ELF (Executable and Linkable Format)
Used primarily on Linux and other Unix-like systems.
Key Sections for String Extraction
| Section | Priority | Description |
|---|---|---|
.rodata | High | Read-only data, often contains string literals |
.rodata.str1.1 | High | Aligned string literals |
.data.rel.ro | Medium | Read-only after relocation |
.comment | Medium | Compiler and build information |
.note.* | Low | Various metadata notes |
ELF-Specific Features
- Symbol Tables: Extract import/export names from
.dynsymand.symtab - Dynamic Strings: Process
.dynstrfor library names and symbols - Section Flags: Use
SHF_EXECINSTRandSHF_WRITEfor classification - Virtual Addresses: Map file offsets to runtime addresses
- Dynamic Linking: Parse
DT_NEEDEDentries to extract library dependencies - Symbol Types: Support for functions (STT_FUNC), objects (STT_OBJECT), TLS variables (STT_TLS), and indirect functions (STT_GNU_IFUNC)
- Symbol Visibility: Filter hidden and internal symbols from exports (STV_HIDDEN, STV_INTERNAL)

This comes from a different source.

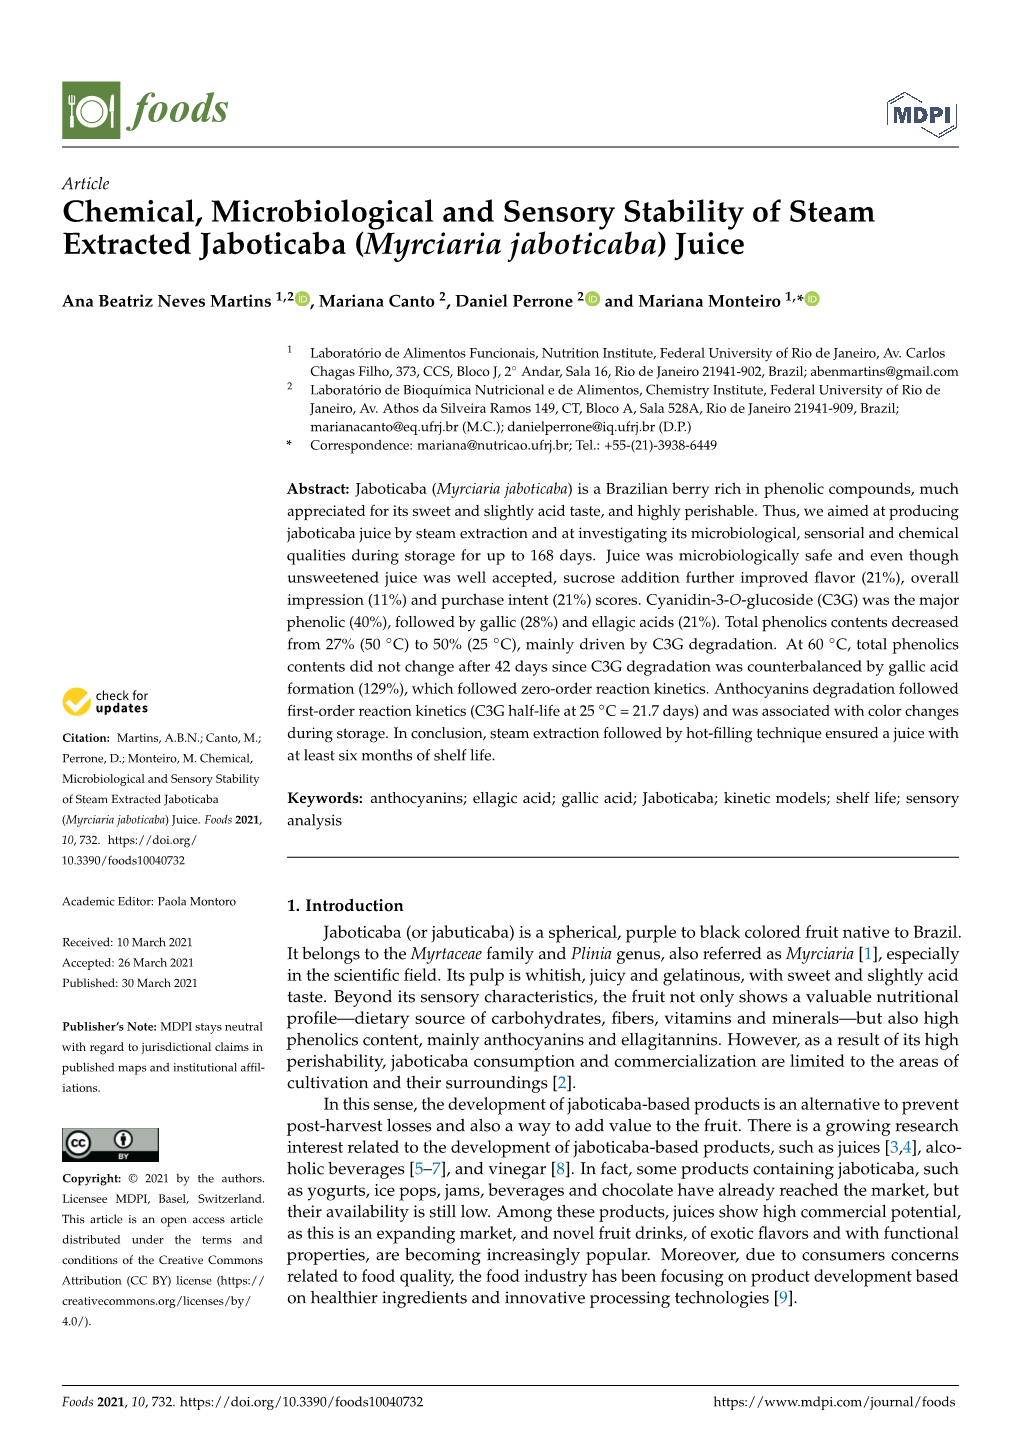 Chemical, Microbiological and Sensory Stability of Steam Extracted Jaboticaba (Myrciaria Jaboticaba) Juice

Enhanced Symbol Extraction
The ELF parser now provides comprehensive symbol extraction with:
-
Import Detection: Identifies all undefined symbols (SHN_UNDEF) that need runtime resolution
- Supports multiple symbol types: functions, objects, TLS variables, and indirect functions
- Handles both global and weak bindings
- Maps symbols to their providing libraries using version information
-
Export Detection: Extracts all globally visible defined symbols
- Filters out hidden (STV_HIDDEN) and internal (STV_INTERNAL) symbols
- Includes both strong and weak symbols
- Supports all relevant symbol types
-
Library Dependencies: Extracts DT_NEEDED entries from the dynamic section
- Provides list of required shared libraries
- Used in conjunction with version information for symbol-to-library mapping
-
Symbol-to-Library Mapping: Maps imported symbols to their providing libraries
- Uses ELF version tables (versym and verneed) for best-effort attribution
- Process: versym index → verneed entry → library filename
- Falls back to heuristics for unversioned symbols (e.g., common libc symbols)
- Returns
Nonewhen version information is unavailable or ambiguous
Implementation Details
impl ElfParser {
fn classify_section(section: &SectionHeader, name: &str) -> SectionType {
// Check executable flag first
if section.sh_flags & SHF_EXECINSTR != 0 {
return SectionType::Code;
}
// Classify by name patterns
match name {
".rodata" | ".rodata.str1.1" => SectionType::StringData,
".data.rel.ro" => SectionType::ReadOnlyData,
// ... more classifications
}
}
fn extract_imports(&self, elf: &Elf, libraries: &[String]) -> Vec<ImportInfo> {
// Extract undefined symbols from dynamic symbol table
// Supports STT_FUNC, STT_OBJECT, STT_TLS, STT_GNU_IFUNC, STT_NOTYPE
// Handles both STB_GLOBAL and STB_WEAK bindings
// Maps symbols to libraries using version information
}
fn extract_exports(&self, elf: &Elf) -> Vec<ExportInfo> {
// Extract defined symbols with global/weak binding
// Filters out STV_HIDDEN and STV_INTERNAL symbols
// Includes all relevant symbol types
}
fn extract_needed_libraries(&self, elf: &Elf) -> Vec<String> {
// Parse DT_NEEDED entries from dynamic section
// Returns list of required shared library names
}
fn get_symbol_providing_library(
&self,
elf: &Elf,
sym_index: usize,
libraries: &[String],
) -> Option<String> {
// 1. Get version index from versym table for this symbol
// 2. Look up version in verneed to find library name
// 3. Match with DT_NEEDED entries
// 4. Fallback to heuristics for unversioned symbols
}
}
Library Dependency Mapping
The ELF parser implements symbol-to-library mapping using ELF version information:
-
Version Symbol Table (versym): Maps each dynamic symbol to a version index
- Index 0 (VER_NDX_LOCAL): Local symbol, not available externally
- Index 1 (VER_NDX_GLOBAL): Global symbol, no specific version
- Index ≥ 2: Versioned symbol, references verneed entry
-
Version Needed Table (verneed): Lists library dependencies with version requirements
- Each entry contains a library filename (from DT_NEEDED)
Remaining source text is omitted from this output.